Acidic Jobs: A Layman's Guide to Job Bliss
Stephen Margheim • November 08, 2021 • Denver, CO

Background jobs have become an essential component of any Ruby infrastructure, and, as the Sidekiq Best Practices remind us, it is essential that jobs be "idempotent and transactional." But how do we make our jobs idempotent and transactional? In this talk, we will explore various techniques to make our jobs robust and ACIDic.

RubyConf 2021

00:00:11.280 So.
00:00:13.280 Welcome.
00:00:15.360 Uh, as a forward, I'm going to try to save a bit of time at the end for questions.
00:00:17.680 Um, but if we don't have any time, there is a Discord channel for this talk. Feel free to put any questions that you have there; I'll definitely be active and responsive there.
00:00:23.119 I am really honored to be here today and to talk with you all—those of you here in person, those of you on the live stream, and anyone who might be watching in the future about how we might be able to achieve what I call ''job bliss.''
00:00:34.160 My name is Stephen, and you can find me on Twitter at fractalmine, though fair warning, I am more of a voyeur there than an author.
00:00:38.719 I somehow find myself these days working across three different projects. I am, first and foremost, the head of engineering at Test IO, a company that provides crowd-driven quality assurance testing as a service. I'm also a consulting engineer for Record Shop, which is a Web3 company in the music NFT space. Additionally, I'm building Smokestack QA on the side, which is an application to help integrate manual QA into teams' GitHub pull request flow.
00:01:08.479 But enough about my jobs; let's get to the topic at hand, which would be our jobs.
00:01:10.600 I think that in every company, with every application, jobs are essential because they are a key aspect of what your app does, expressed as a distinct unit. And they're powerful, right? You can run them, you can call them from anywhere; they can run asynchronously or synchronously, and most job back-ends have a retry mechanism built in.
00:01:52.399 But what is a job in this context? It is not an instance of Active Job; that's not what I'm talking about today. A job is a more generic idea; it’s fundamentally a verb in the same way that a model is a noun. More specifically, it is a verb that represents the change of state in your system. Jobs are state mutations that produce side effects.
00:02:12.080 Since jobs are typically run asynchronously, they can't return a value to their caller, so return values are not particularly meaningful. I think we can say that a job is a Ruby class object that represents some state mutation action that takes as input a representation of initial state and produces side effects that represent a next state.
00:02:44.000 This definition of a job encompasses a wide variety of patterns that have emerged in the Ruby ecosystem. Now, for the rest of this talk, I'm going to use the language of jobs and the interface of Active Job, but these principles we will be exploring are applicable to all of these various ways of expressing a state mutation as a Ruby object.
00:03:13.599 So, how do we build jobs? Well, my Purim in the Sidekiq documentation reminds us of this key truth: jobs must be transactional and idempotent. These are the two key characteristics of a well-built job.
00:03:37.040 But what exactly do they mean? A transaction is just a collection of operations, typically with ACID guarantees, and the ACID guarantees are the foundational characteristics for correct and precise state mutations. Atomicity guarantees that either everything succeeds or fails together; consistency guarantees that the data always ends up in a valid state; isolation guarantees that concurrent transactions don't conflict with each other; and durability guarantees that once those state changes are committed, they are always committed.
00:04:02.720 Now, because SQL databases give us ACID transactions essentially for free, we can—and I think should—lean on the power and resilience of SQL databases to help make our jobs ACIDic. As for idempotency, for something to be idempotent, it just needs to be safely repeatable. Most often, idempotency is defined in terms of pure functions, which, while mathematically interesting, is not particularly helpful to us because jobs don't have return values.

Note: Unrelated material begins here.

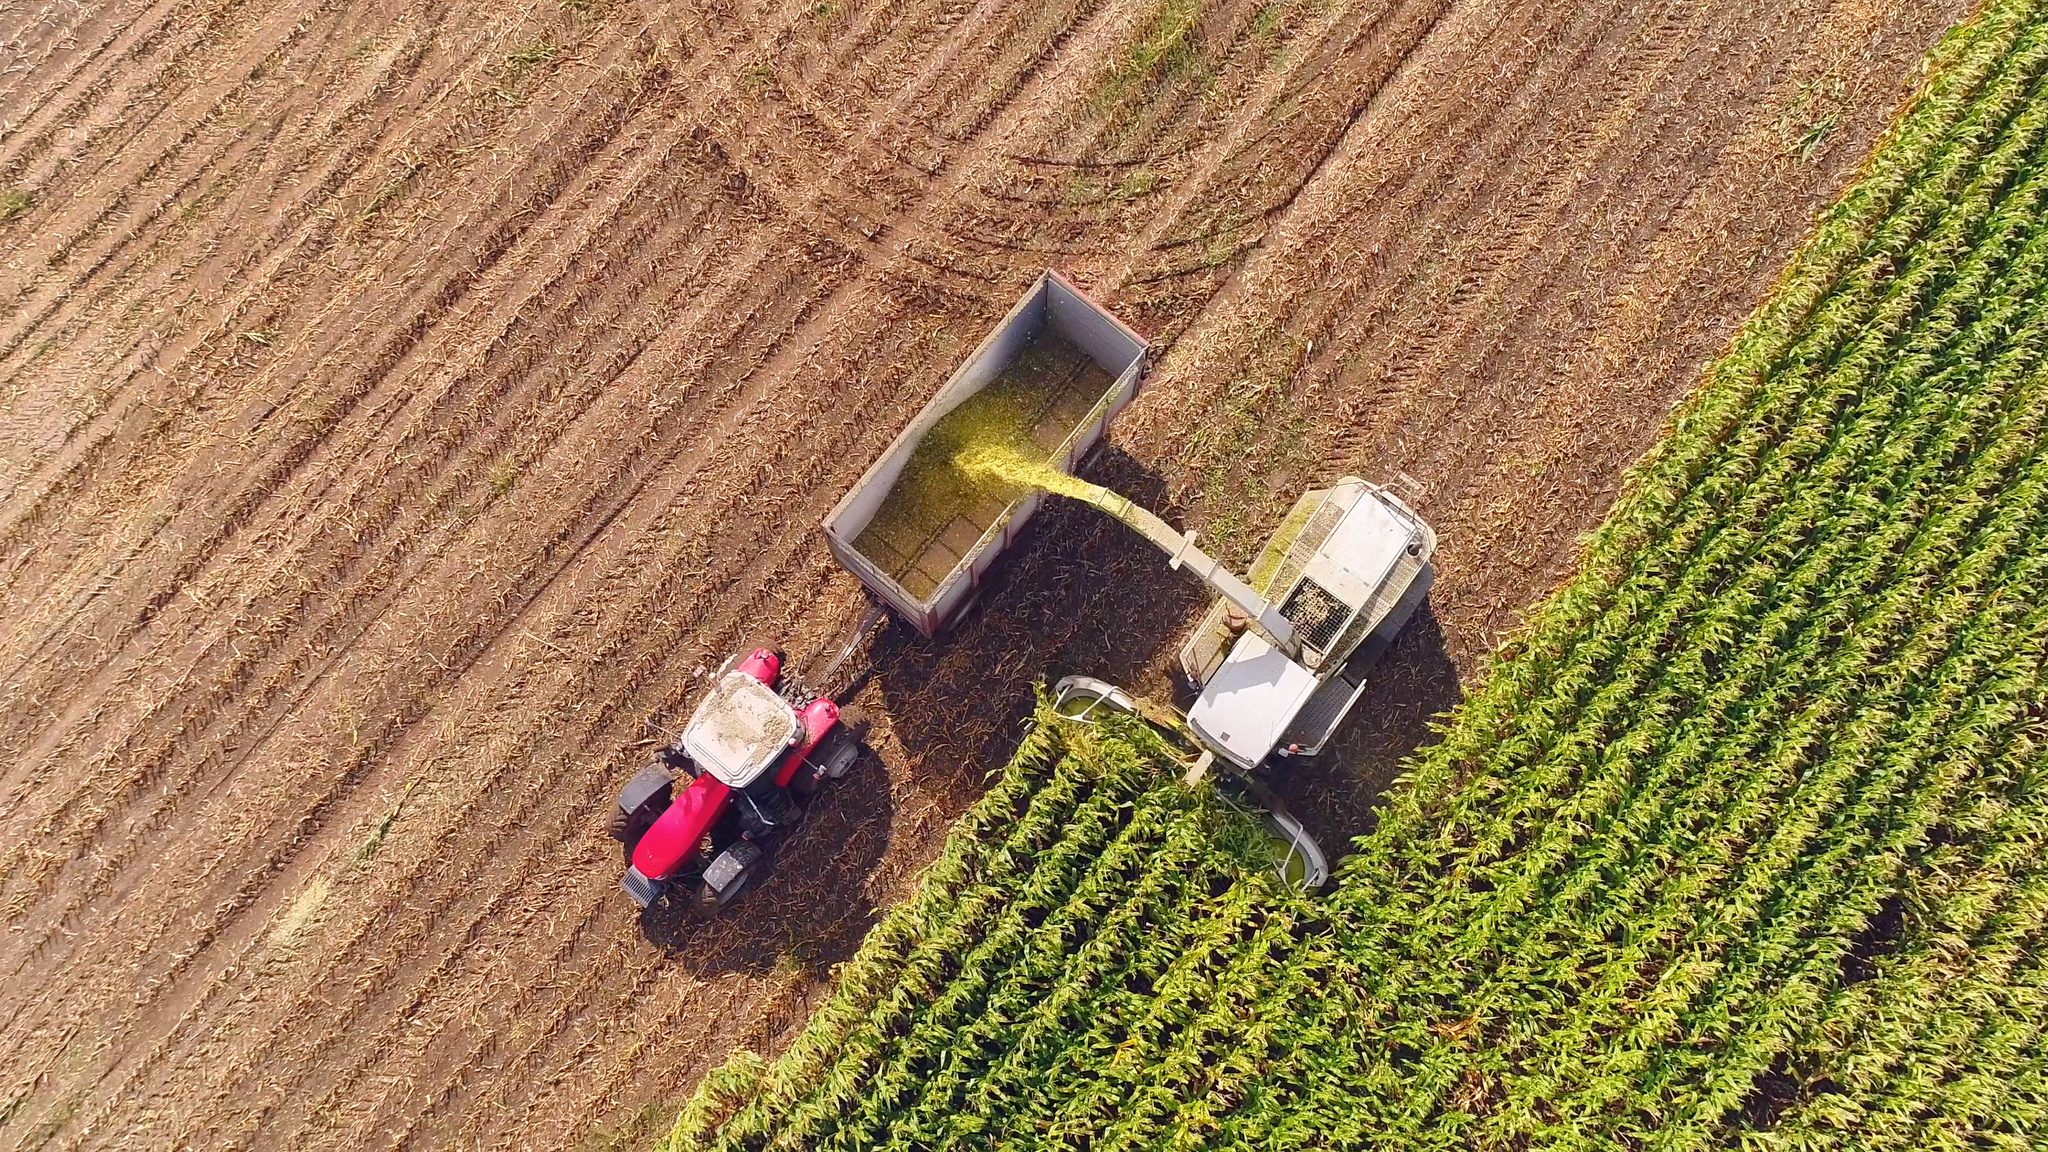 Farm machines harvesting corn in Autumn, aerial view

00:04:51.679 What we need is a more practical definition focused on side effects. So I think of idempotency as guaranteeing that the side effects will happen once and only once, no matter how many times the job runs. Since most job back-ends have retries built in for free, if we can make our jobs idempotent, we can lean on the power of this retry mechanism to ensure eventual completion and eventual correctness of our systems.

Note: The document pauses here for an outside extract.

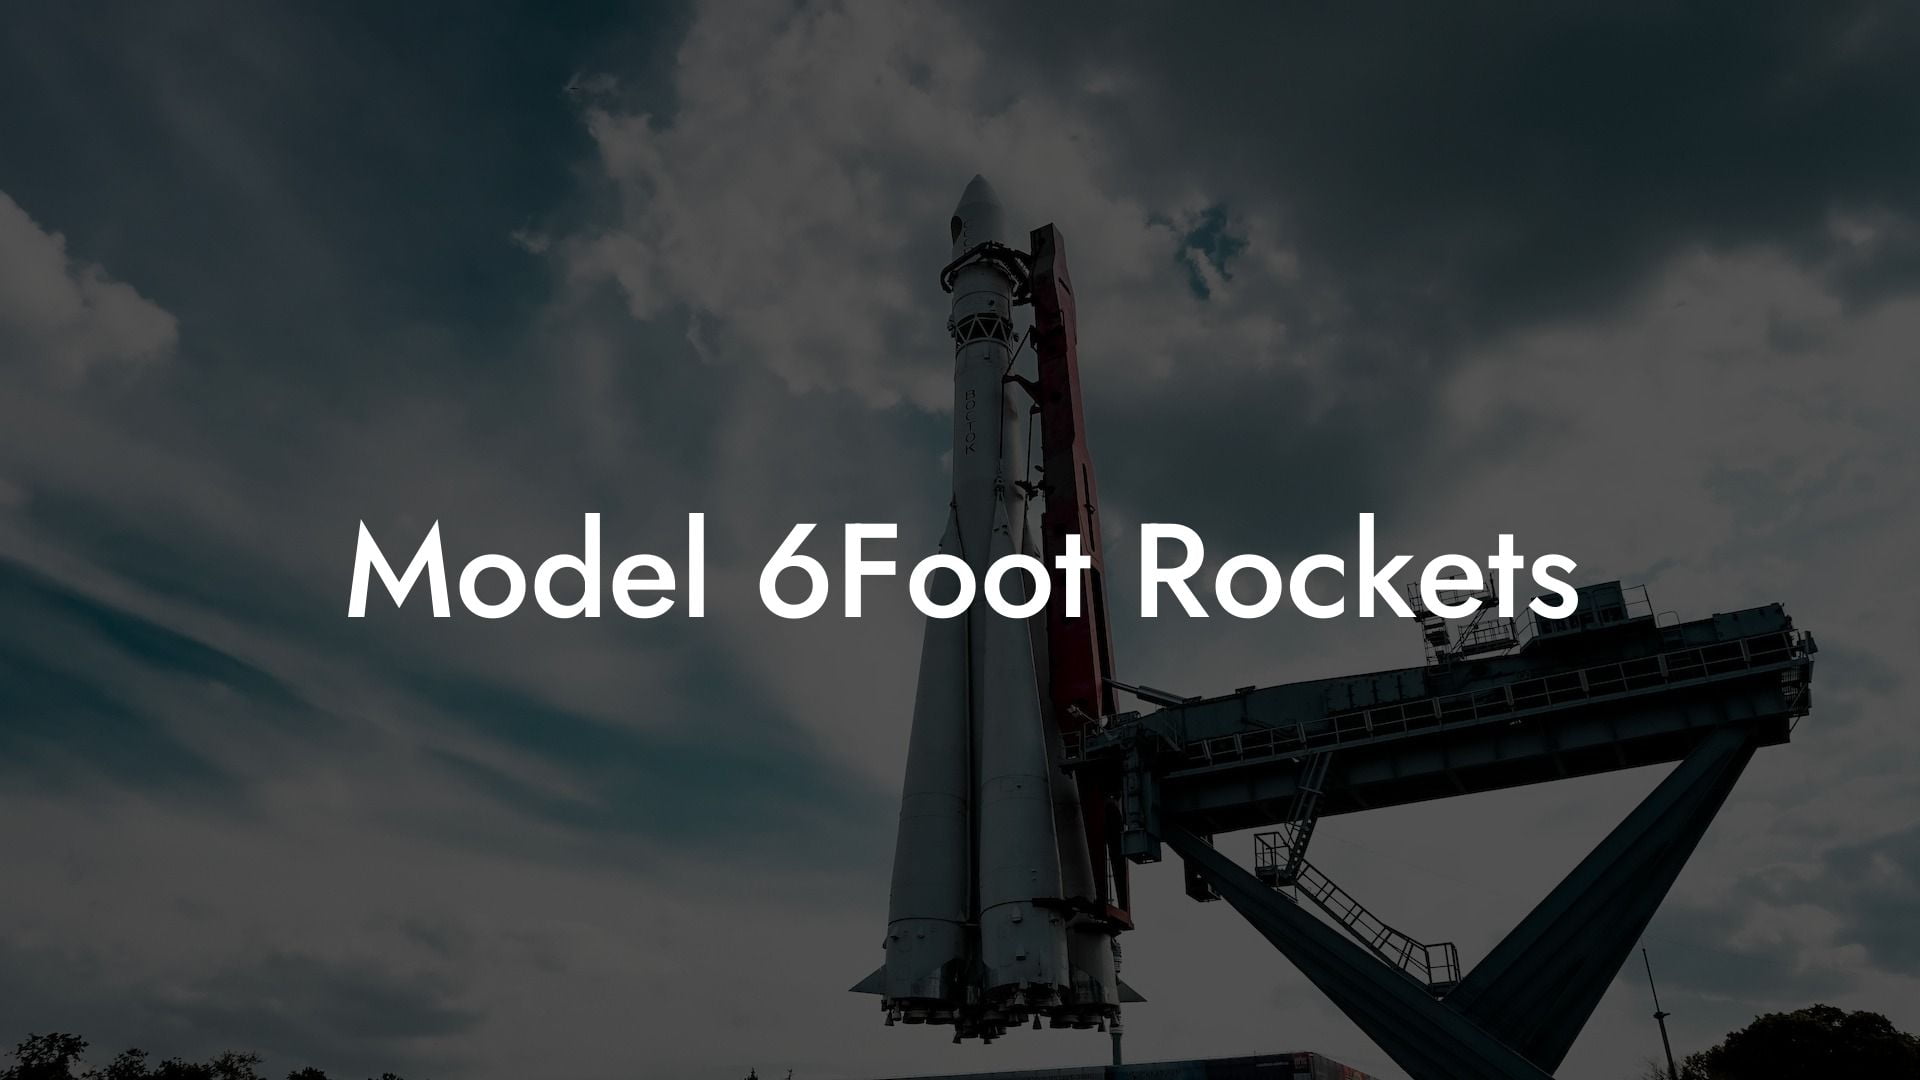 Model 6Foot Rockets

00:05:41.199 So, the core idea I want to explore with you all is how a class like this—a job run model—can be used to provide flexible ways to create jobs of various levels of complexity with these characteristics of transactionality and idempotency.
00:05:48.000 Nathan Griffith provides an excellent overview of how to write transactional and idempotent jobs in his RailsConf talk from earlier this year. I highly recommend that you check it out, and I will be summarizing his key points here, and he is also here, and that's exciting for me.
00:06:03.440 His examples are save methods of synthetic models, but the principles are the same. Based on our definition of a job, his save methods are jobs in the making. He hones in on five core characteristics of resilient jobs: they use a transaction to guarantee atomic execution; they use locks to prevent concurrent data access; they use idempotency and the retry mechanism to ensure eventual completion; they ensure that enqueuing other jobs is always co-transactional; and they split complex operations into steps.
00:06:39.360 Now, I wholeheartedly agree with this assessment, but what I want to explore today is how we can build more generalized tools and patterns to help us more easily ensure that our jobs conform to these principles. So let's consider Nathan's list and work our way through it, exploring how we can build a toolset for writing truly ACIDic jobs.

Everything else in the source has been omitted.